A teacher once told me that an ocean of knowledge simply cannot fit into the teacup of the mind. In my own practice and in my experiences of past life regression, I’ve come to see the investigation of the afterlife as a rich and seductive area of study, as well as a distraction where the truth can only be guessed.
The imperative, as I see it, is to continue these explorations into our consciousness, our selves. Tools like meditation, hypnotherapy and regression therapy remain mysterious. They are misunderstood largely because we lack a common vocabulary to discuss them and their efficacy. Today, when oceans of knowledge literally do exist on the Internet, available on our phones, studies into projections of the self, non-duality and cycles of life can be undertaken in any living room or on any park bench. We can learn to work with our brains, aligning our habits and diets to optimize relaxed learning states. We can use the past as a school and meditate peacefully in waking daily life, exploring the territory with one shared map.
In the Car, with My Dad
I was a teenager returning home from a past life regression workshop that my father had led. We were driving to Morristown, NJ. It was probably a Sunday. I had been with him all day as he worked with a group of about 20 people, leading them in and out of deep trance states and exploring what may be memories of past lives. I was half assistant/half participant.

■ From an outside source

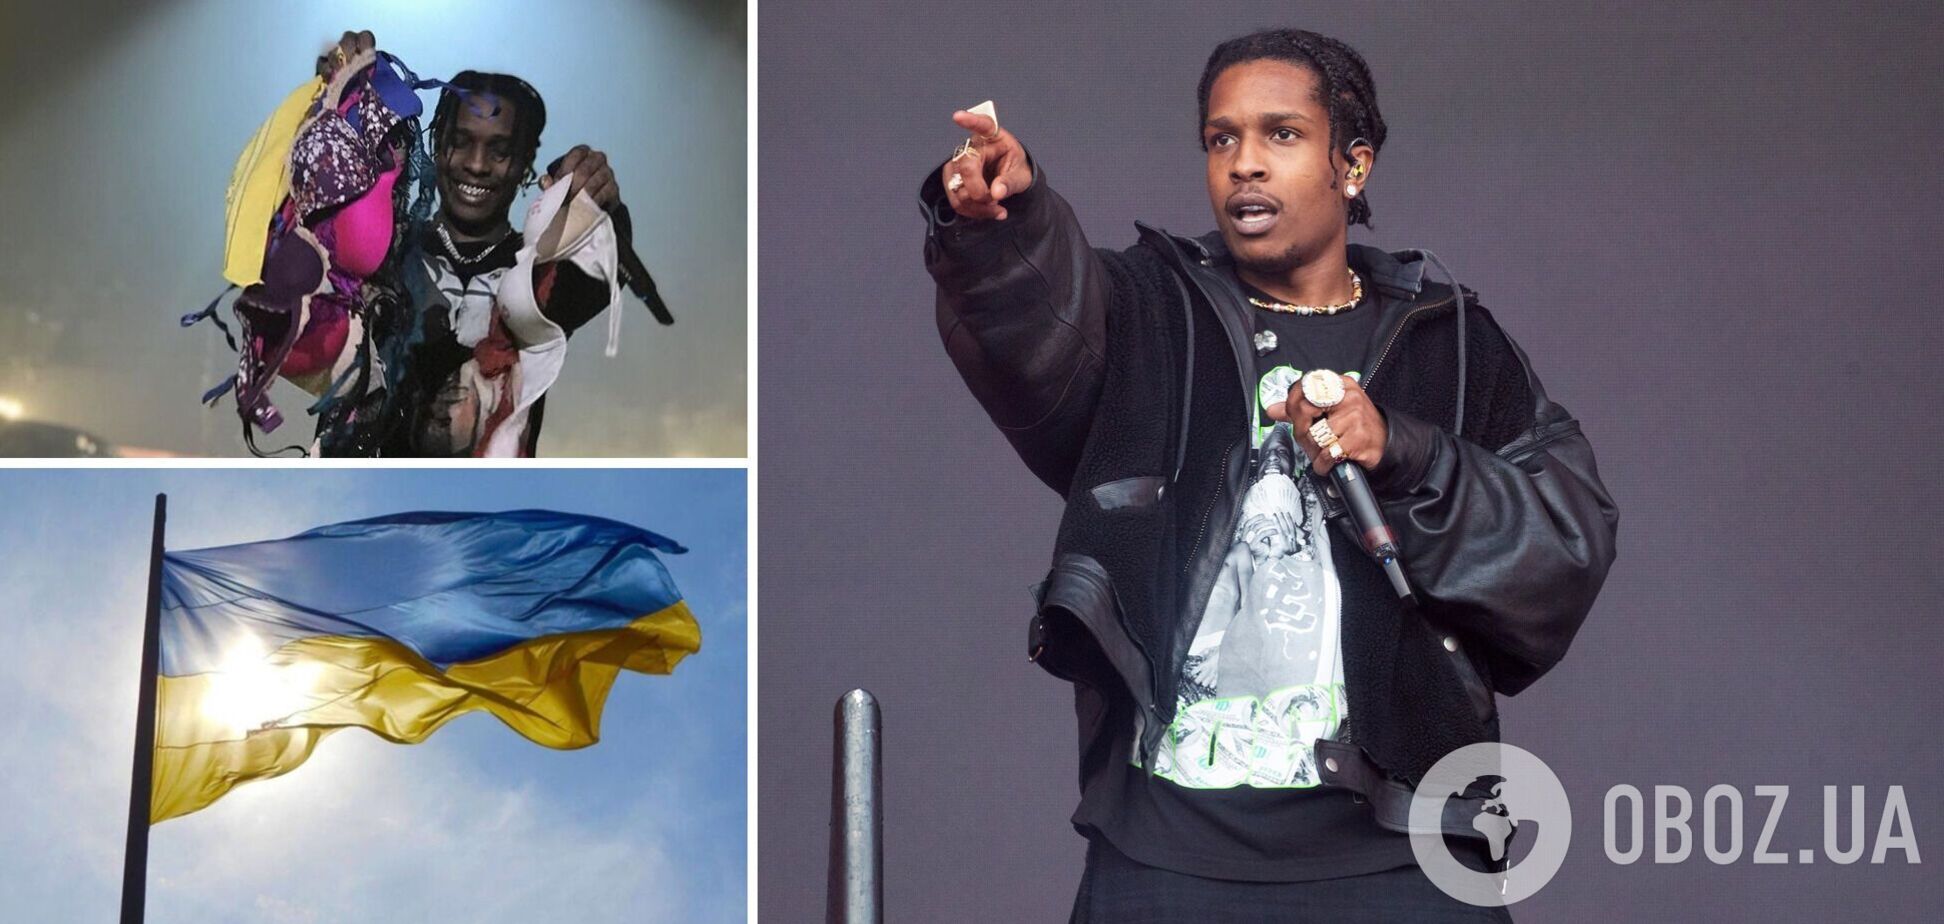 A$AP Rocky витягнув з-під прапора України бюстгальтери фанаток, а стяг залишив на підлозі

After a pause in the conversation he said, “I’m kinda looking forward to dying.” Incredulous, I asked what he meant. He responded “I want to know if there are past lives or not.” My father served for a time as the President of the Association for Past Life Research and Therapies.
It remains thrilling to me, the candid omission of a spiritual teacher, expressing his uncertainty in private conversation with his son. The conversations I have with my clients, students, friends and family feel to me as if I’m still in the car with my dad. There we can comfortably express our doubt and marvel together at the mystery. If past life regression has taught me anything, it’s that we are all in this together.